There are various options that you may choose to begin with to try to resolve any children or financial matters between you and your former partner, including negotiations between yourselves, discussions between solicitors and mediation. (Arbitration and collaborative law can be very expensive and if you have got to mediation and that has failed then usually the best option would be to proceed to make an application to The Family Court to decide the financial arrangements that need to be made.
In each of the above options if a settlement is reached, then a Finacial order will still need to be prepared and an application for a Financial consent order has to be made to The Family Court. A judge has the power to accept or query the terms of Financial consent order  and settlement that you reach whether at mediation or using the collaborative process etc.
Although the judge can refuse to accept the terms of an agreement that you have both reached between you, if the terms of the agreement are fair the judge usually won’t interfere with the terms of the settlement. Sometimes the judge wants to know more about the settlement between the parties and asks questions before the terms of the draft Financial consent order are approved.
On other occasions the judge will have some concerns about the way the document is drafted, and this will result in the order having to be amended. Some of the precedents that I use to draft a Financial consent order have been approved by the President of the Family Division so I can see no reason why this should happen. However, a judge has the right to raise  questions if they want to.
Very rarely a judge will reject the terms of the settlement if they are or seem to be too favourable to one party. In this situation we would need to discuss the options.  And sometimes it would be necessary to renegotiate the settlement.
Please let me know if you would like any more information about any of the above so that you can decide how to take matters forward.

Future financial claims

There have been cases where people have tried to make financial claims many years post-separation, where in the intervening period one party has acquired significant wealth. Whilst such an application may or may not succeed, and the Court will consider what has taken place in the period since separation, the passage of time can make obtaining clear evidence about the historic value of assets difficult, and so the possibility of future claims may be a concern.
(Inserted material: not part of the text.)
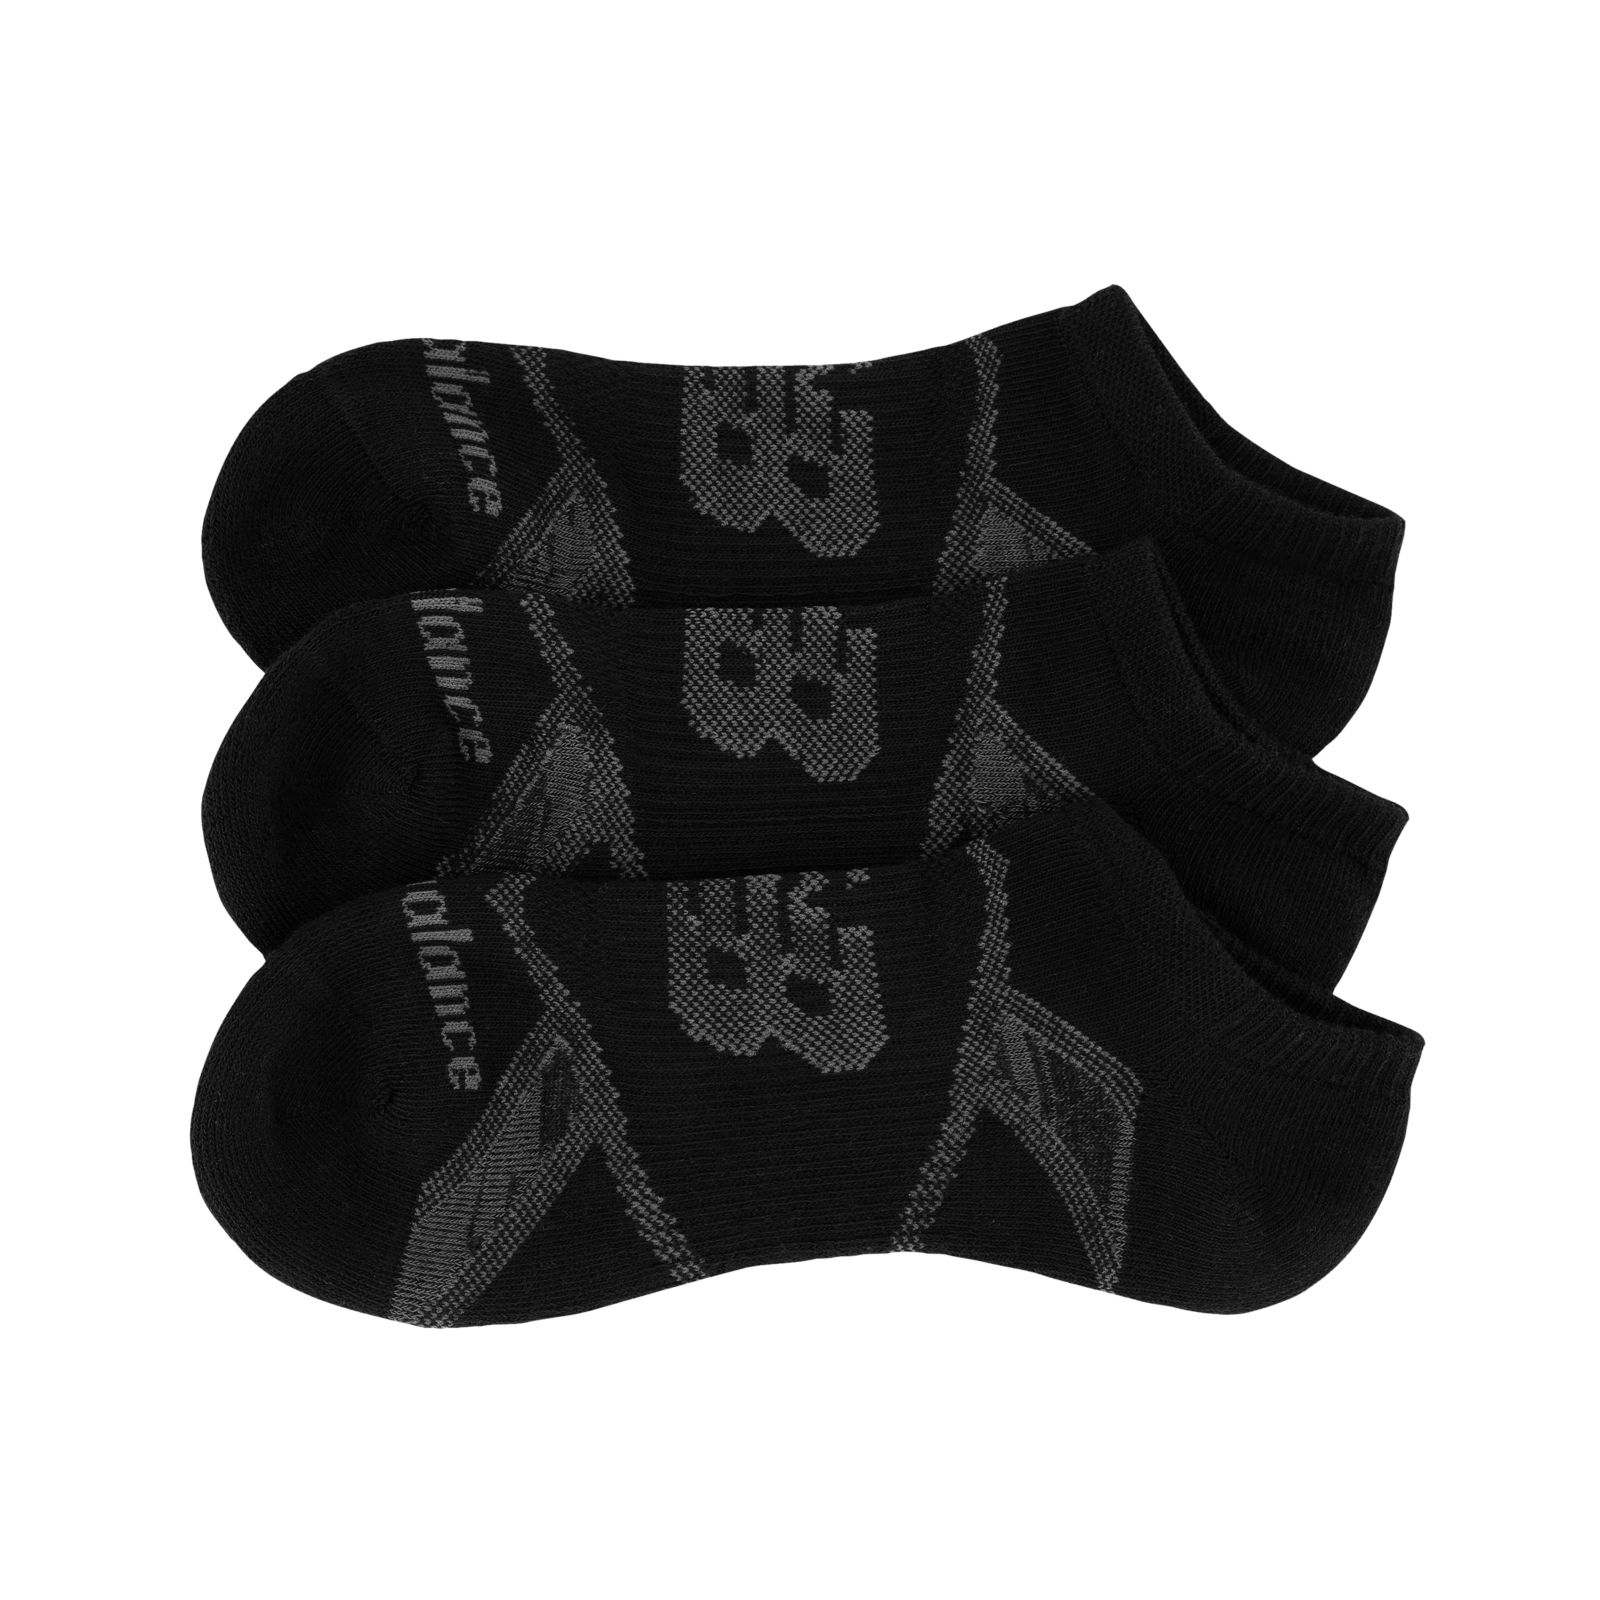 3-pack of no-show sports socks

Therefore it is important therefore to understand that even if you have a documented agreement unless this is a financial  order of the Court it may not be upheld in future financial remedy proceedings, and the Family Court could decide that a different outcome is appropriate. This means that post-divorce you may move forward with your life believing you are building your future for your own benefit, only to find you are met with a claim from a former spouse many years down the line. To prevent this, any agreement reached should be formalised by a consent order, which the Court can approve once the divorce has got to the first divorce conditional order  (formerly known as decree nisi) stage.
In addition, if you reach an agreement voluntarily and do not get a financial consent order and one party subsequently fails to uphold it, it may be difficult to enforce the agreement. For example, if one party agrees to pay maintenance but then stops making payments, without a Court order that person cannot be forced to pay. Likewise, failure to deal with any other aspect of an agreement cannot be enforced.